The suggested approach to validating the model involves creating a .json file such as [this one](https://github.com/cocodataset/cocoapi/blob/master/results/captions_val2014_fakecap_results.json) containing the model's predicted captions for the validation images. Then, we can write our own script or use one that we can [find online](https://github.com/tylin/coco-caption) to calculate the BLEU score of our model. Read more about the BLEU score, along with other evaluation metrics (such as TEOR and Cider) in section 4.1 of [this paper](https://arxiv.org/pdf/1411.4555.pdf).
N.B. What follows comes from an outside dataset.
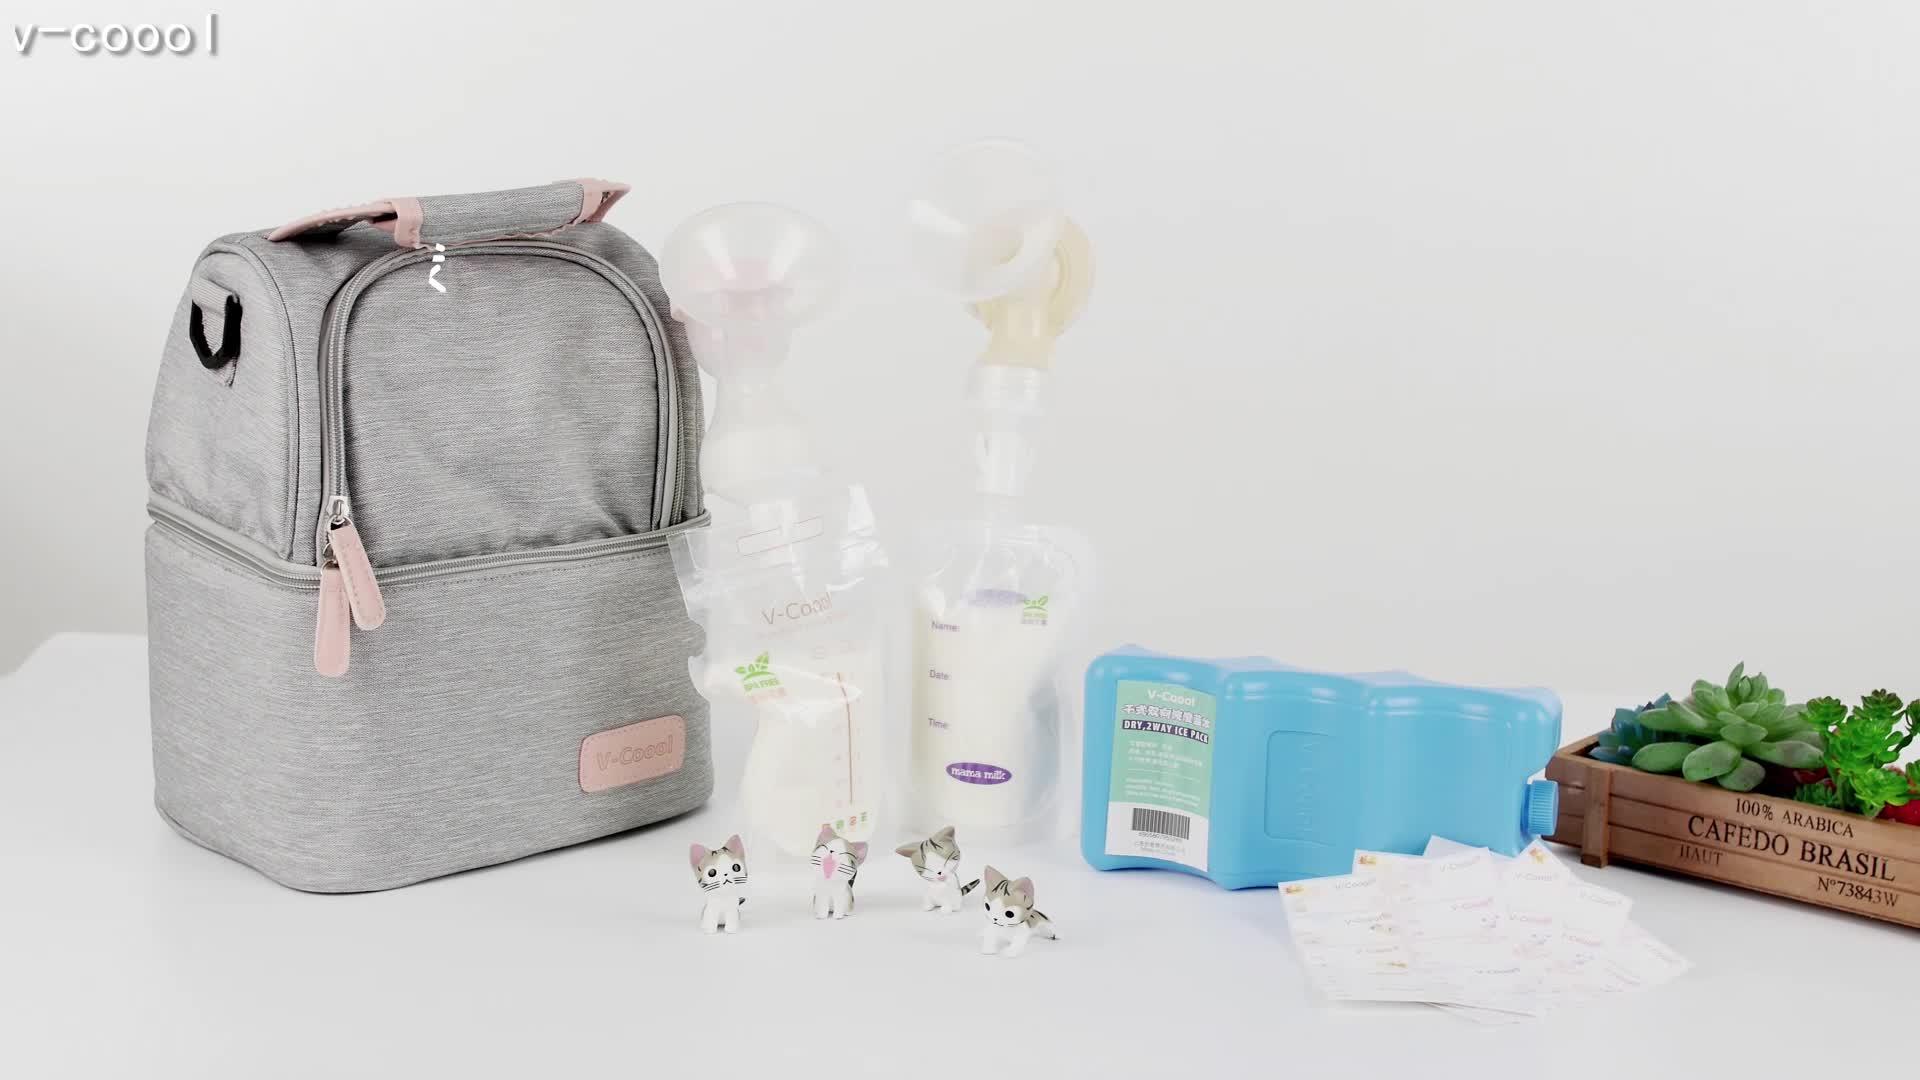 V-Coool डबल जिपर सील BPA और बीपीएस नि: शुल्क स्तन के दूध का भंडारण बैग भंडारण के लिए और ठंड Breastmilk

For more information about how to use the annotation file, check out the [website](http://cocodataset.org/#download) for the COCO dataset.

In [84]:
transform_test = transforms.Compose(
    [
        transforms.Resize(224),
        transforms.ToTensor(),
        transforms.Normalize(
            (0.485, 0.456, 0.406),  # normalize image for pre-trained model
            (0.229, 0.224, 0.225),
        ),
    ]
)


# Create the data loader.
val_data_loader = val_get_loader(
    transform=transform_test, mode="valid", cocoapi_loc=cocoapi_dir
)

encoder_file = "encoder-3.pkl"
decoder_file = "decoder-3.pkl"

# Initialize the encoder and decoder.
encoder = EncoderCNN(embed_size)
decoder = DecoderRNN(embed_size, hidden_size, vocab_size)

# Moving models to GPU if CUDA is available.
device = torch.device("cuda" if torch.cuda.is_available() else "cpu")
encoder.to(device)
decoder.to(device)

# Loading the trained weights
encoder.load_state_dict(torch.load(os.path.join("./models", encoder_file)))
decoder.load_state_dict(torch.load(os.path.join("./models", decoder_file)))

encoder.eval()
decoder.eval()

Vocabulary successfully loaded from vocab.pkl file!


DecoderRNN(
  (embed): Embedding(9955, 256)
  (lstm): LSTM(256, 512, batch_first=True)
  (linear): Linear(in_features=512, out_features=9955, bias=True)
)

In [85]:
# infer captions for all images
pred_result = defaultdict(list)
for img_id, img in tqdm(val_data_loader):
    img = img.to(device)
    with torch.no_grad():
        features = encoder(img).unsqueeze(1)
        output = decoder.sample(features)
    sentence = clean_sentence(output, val_data_loader.dataset.vocab.idx2word)
    pred_result[img_id.item()].append(sentence)

  0%|          | 0/40504 [00:00<?, ?it/s]

In [90]:
with open(
    os.path.join(cocoapi_dir, "cocoapi", "annotations/captions_val2014.json"), "r"
) as f:
    caption = json.load(f)

valid_annot = caption["annotations"]
valid_result = defaultdict(list)
for i in valid_annot:
    valid_result[i["image_id"]].append(i["caption"].lower())

In [91]:
list(valid_result.values())[:3]

[['a bicycle replica with a clock as the front wheel.',
  'the bike has a clock as a tire.',
  'a black metal bicycle with a clock inside the front wheel.',
  'a bicycle figurine in which the front wheel is replaced with a clock\n',
  'a clock with the appearance of the wheel of a bicycle '],
 ['a black honda motorcycle parked in front of a garage.',
  'a honda motorcycle parked in a grass driveway',
  'a black honda motorcycle with a dark burgundy seat.',
  'ma motorcycle parked on the gravel in front of a garage',
  'a motorcycle with its brake extended standing outside'],
 ['a room with blue walls and a white sink and door.',
  'blue and white color scheme in a small bathroom.',
  'this is a blue and white bathroom with a wall sink and a lifesaver on the wall.',
  'a blue boat themed bathroom with a life preserver on the wall',
  'a bathroom with walls that are painted baby blue.']]

In [92]:
list(pred_result.values())[:3]

[[' a group of horses standing in a field.'],
 [' a person riding a surf board on a body of water'],
 [' a woman standing in front of a store window.']]

In [93]:
bleu_score(true_sentences=valid_result, predicted_sentences=pred_result)

0.2091174140097583

Not a bad bleu score with only 3 epochs!